Análises sobre possíveis desdobramentos

Para o economista e doutor em Relações Internacionais Igor Lucena, a remoção de Maduro fragiliza, mas não derruba imediatamente, o regime cubano. Ele prevê manutenção, ainda que reduzida, do apoio logístico venezuelano à ilha.

O coronel da reserva e analista militar Paulo Roberto da Silva Gomes Filho avalia que os EUA tendem a intensificar sanções contra Cuba, mas vê chance maior de aumento de pressão sobre a Colômbia.

Especialistas ouvidos apontam incertezas sobre o futuro político da Venezuela. O advogado Manuel Furriela lembra que a retirada forçada de um governante não garante, por si só, transição democrática.

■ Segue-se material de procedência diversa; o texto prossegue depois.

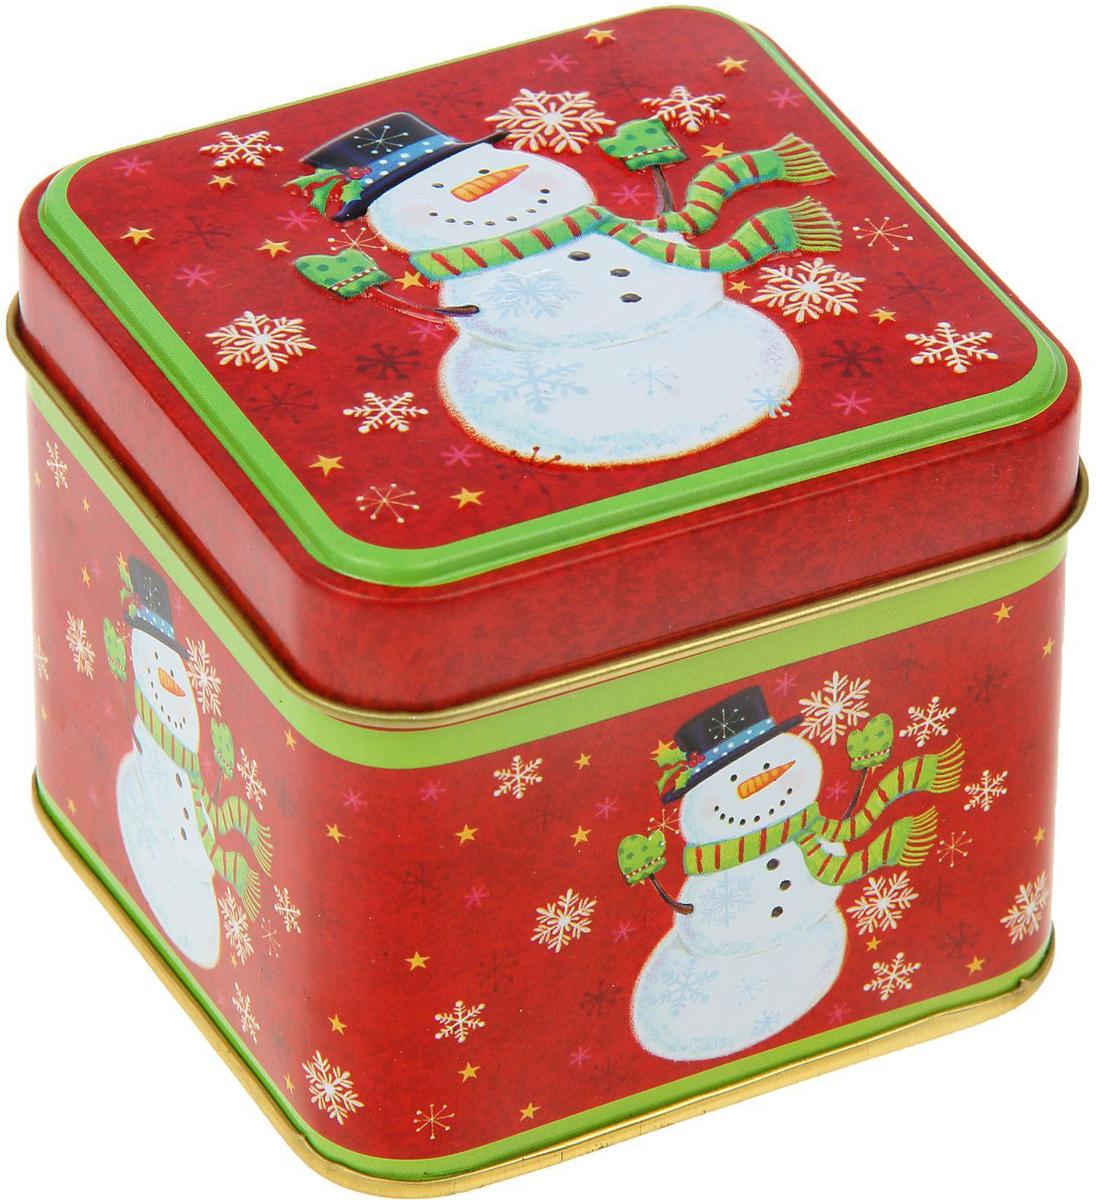 Шкатулка новогодняя Веселый снеговик, 6,5 х 7,5 х 7,5 см2266303Металлическая шкатулка — это небольшой сувенир, а также оригинальный способ преподнести в ней подарок. Ее новогодний дизайн передаст атмосферу праздника и зарядит хорошим настроением. Вещица сохранит различные мелочи, будь то украшения, коллекционные монетки, бусинки, фурнитура, сбережения или даже сладости.

O pesquisador de Harvard Vitélio Brustolin destaca que ditaduras aliadas, como a da Nicarágua, podem perder respaldo estratégico com a desestabilização de Caracas.

O cientista político Gustavo Alves considera a captura uma ação pontual, por motivos ligados ao narcotráfico e a grupos classificados como terroristas, sem configurar nova doutrina contra regimes autoritários. Já o jurista Luiz Augusto Módolo observa que Washington pode ter atingido um limite diante da crise migratória, do avanço do tráfico e da presença de Rússia e China na Venezuela, enxergando a operação como reafirmação da Doutrina Monroe.

Até o momento, a Casa Branca não anunciou planos concretos para intervenções adicionais na região, mas as declarações de Trump mantêm o clima de tensão entre Washington e governos aliados de Caracas.